INSTRUCTIONS TO FOLLOW:
Exactly the lines from the one containing "بالصور صور حرف" through the one containing "b58de58b1 Telefón podporuje" in the listing below are to be copied, with the pictures left out.

RECORDS SHOWN:
###
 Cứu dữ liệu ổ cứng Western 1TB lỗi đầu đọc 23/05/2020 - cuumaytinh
###
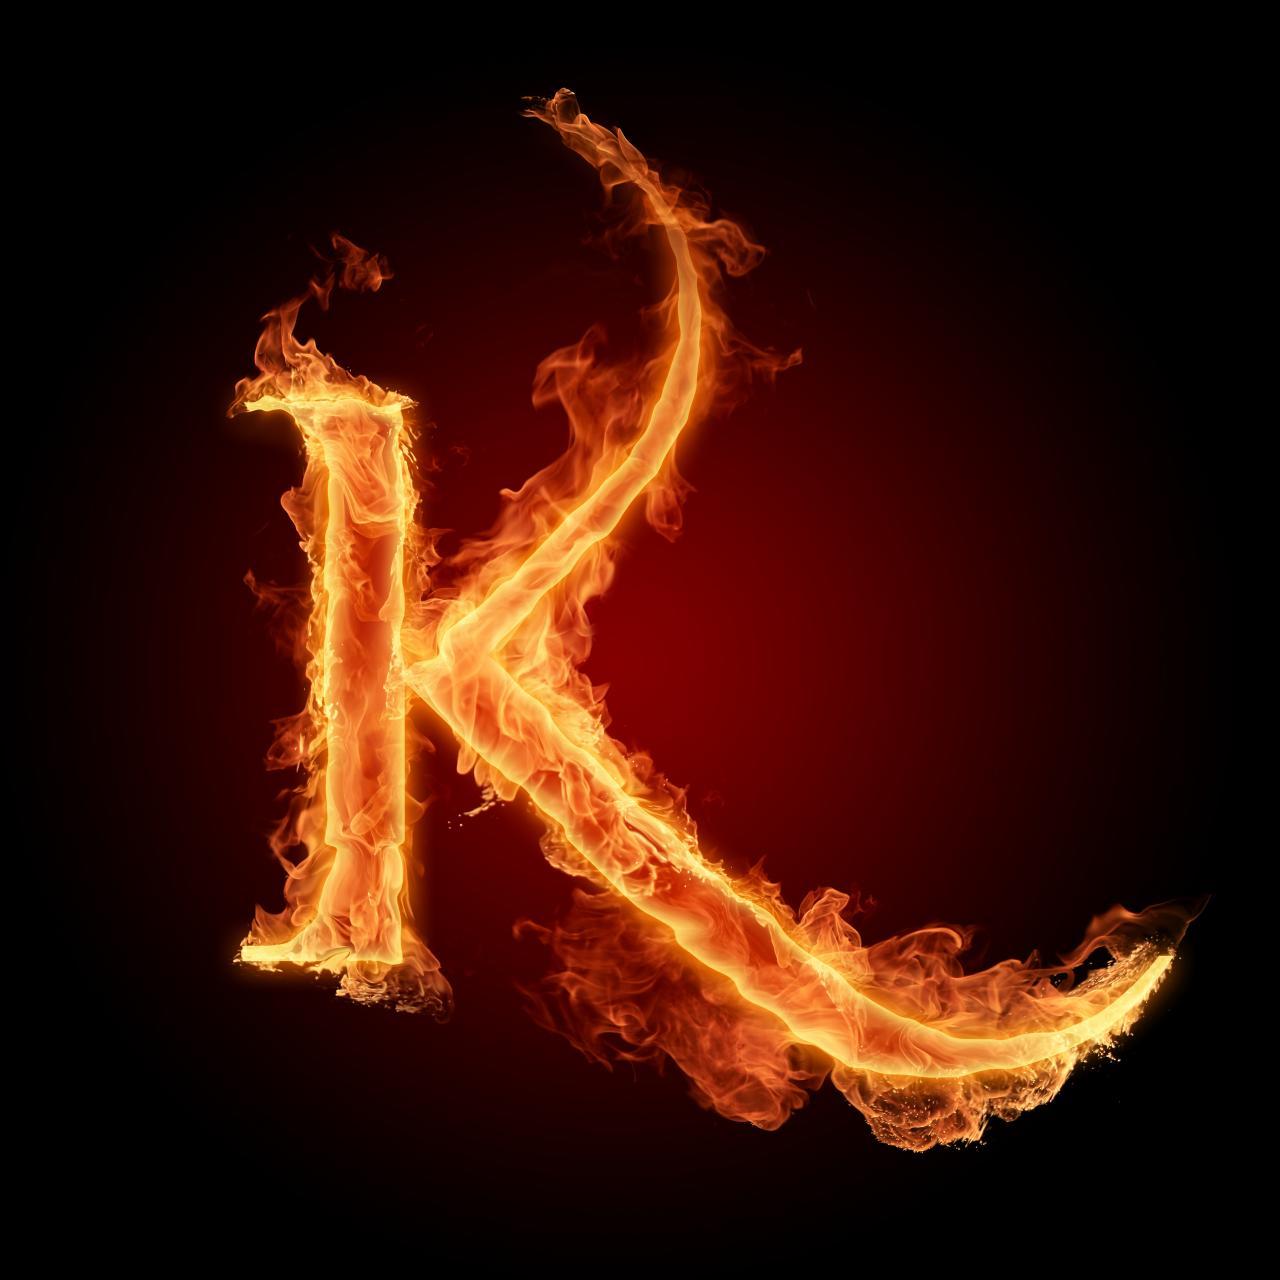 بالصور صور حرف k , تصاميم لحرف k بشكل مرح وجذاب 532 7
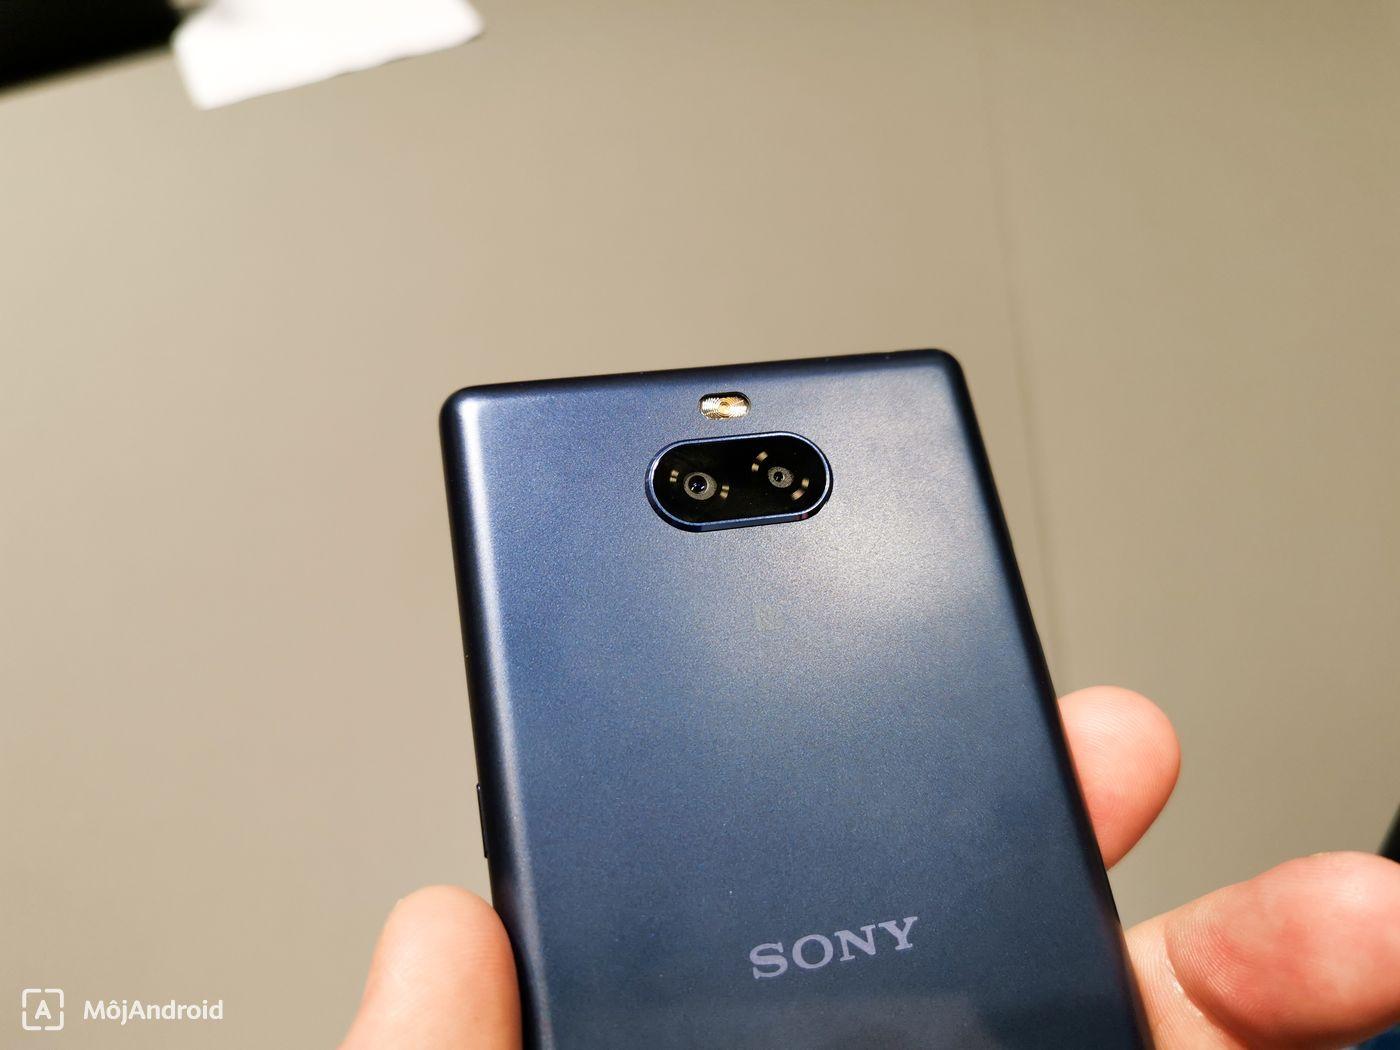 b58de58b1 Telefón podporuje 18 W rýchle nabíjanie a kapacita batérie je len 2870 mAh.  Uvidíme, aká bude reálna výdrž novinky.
###
THE ANSWER:
 بالصور صور حرف k , تصاميم لحرف k بشكل مرح وجذاب 532 7
 b58de58b1 Telefón podporuje 18 W rýchle nabíjanie a kapacita batérie je len 2870 mAh.  Uvidíme, aká bude reálna výdrž novinky.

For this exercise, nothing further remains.